After setting these model parameters, you need to run the following train model API to start training your model with your dataset and the training parameters:

lookout_model.train()

You get the following response:

{'ModelArn': 'arn:aws:lookoutequipment:ap-northeast-2:<accountid>:model/wind-turbine-PR-v1/fac217a9-8855-4931-95f9-dd47f0af1ec5',
 'Status': 'IN_PROGRESS',
 'ResponseMetadata': {'RequestId': '3d385895-c62e-4126-9622-38f0ebed9715',
  'HTTPStatusCode': 200,
  'HTTPHeaders': {'x-amzn-requestid': '3d385895-c62e-4126-9622-38f0ebed9715',
   'content-type': 'application/x-amz-json-1.0',
   'content-length': '152',
   'date': 'Thu, 25 Mar 2021 21:27:05 GMT'},
  'RetryAttempts': 0}}

Alternatively, you can go to the Amazon Lookout for Equipment console and monitor the training after you create the model.

The sample turbine dataset we provide in our example has millions of data points.

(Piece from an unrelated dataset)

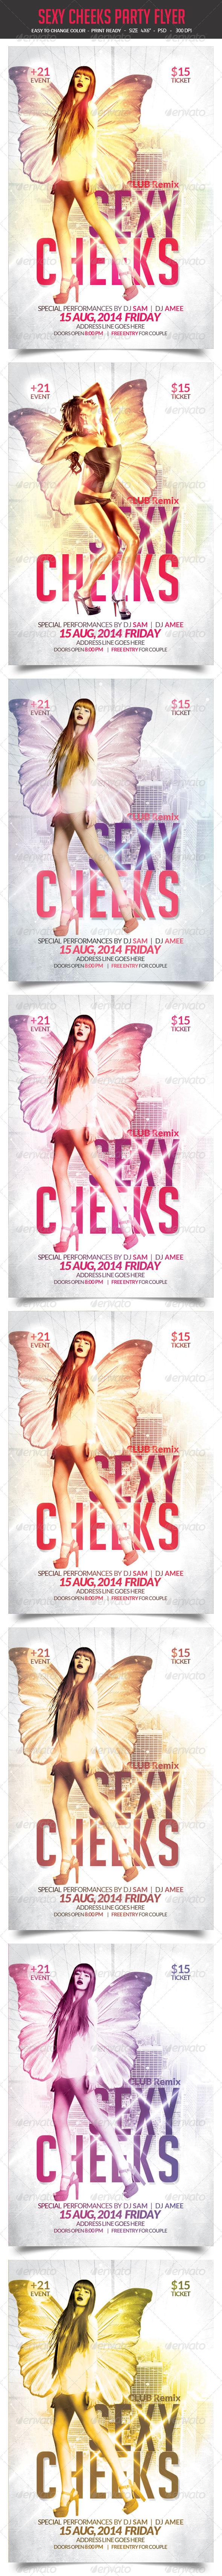 Sexy Cheeks Party Flyer Vol.2

Training takes approximately 2.5 hours.

Evaluate the trained model

After a model is trained, Amazon Lookout for Equipment evaluates its performance and displays the results. It provides an overview of the performance and detailed information about the abnormal equipment behavior events and how well the model performed when detecting those. With the data and failure labels that you provided for training and evaluating the model, Amazon Lookout for Equipment reports how many times the model’s predictions were true positives. It also reports the average forewarning time across all true positives. Additionally, it reports the false positive results generated by the model, along with the duration of the non-event.

For more information about performance evaluation, see Evaluating the output.

Review training diagnostics

Run the following code to generate the training diagnostics. Refer to the accompanying notebook for the complete code block to run for this step.

LookoutDiagnostics = lookout.LookoutEquipmentAnalysis(model_name=MODEL_NAME, tags_df=df, region_name=REGION_NAME)
LookoutDiagnostics.set_time_periods(evaluation_start, evaluation_end, training_start, training_end)
predicted_ranges = LookoutDiagnostics.get_predictions()

The results returned show the percentage contribution of each feature towards the abnormal equipment prediction for the corresponding date range.

Create an inference scheduler in Amazon Lookout for Equipment

In this step, we show you how the CreateInferenceScheduler API creates a scheduler and starts it—this starts costing you right away. Scheduling an inference is setting up a continuous real-time inference plan to analyze new measurement data. When setting up the scheduler, you provide an S3 bucket location for the input data, assign it a delimiter between separate entries in the data, set an offset delay if desired, and set the frequency of inference. You must also provide an S3 bucket location for the output data. Run the following notebook section to run inference on the model to create an inference scheduler:

scheduler = lookout.LookoutEquipmentScheduler(
scheduler_name=INFERENCE_SCHEDULER_NAME,
model_name=MODEL_NAME_FOR_CREATING_INFERENCE_SCHEDULER,
region_name=REGION_NAME
)

scheduler_params = {
'input_bucket': INFERENCE_DATA_SOURCE_BUCKET,
'input_prefix': INFERENCE_DATA_SOURCE_PREFIX,
'output_bucket': INFERENCE_DATA_OUTPUT_BUCKET,
'output_prefix': INFERENCE_DATA_OUTPUT_PREFIX,
'role_arn': ROLE_ARN_FOR_INFERENCE,
'upload_frequency': DATA_UPLOAD_FREQUENCY,
'delay_offset': DATA_DELAY_OFFSET_IN_MINUTES,
'timezone_offset': INPUT_TIMEZONE_OFFSET,
'component_delimiter': COMPONENT_TIMESTAMP_DELIMITER,
'timestamp_format': TIMESTAMP_FORMAT
}

scheduler.set_parameters(**scheduler_params)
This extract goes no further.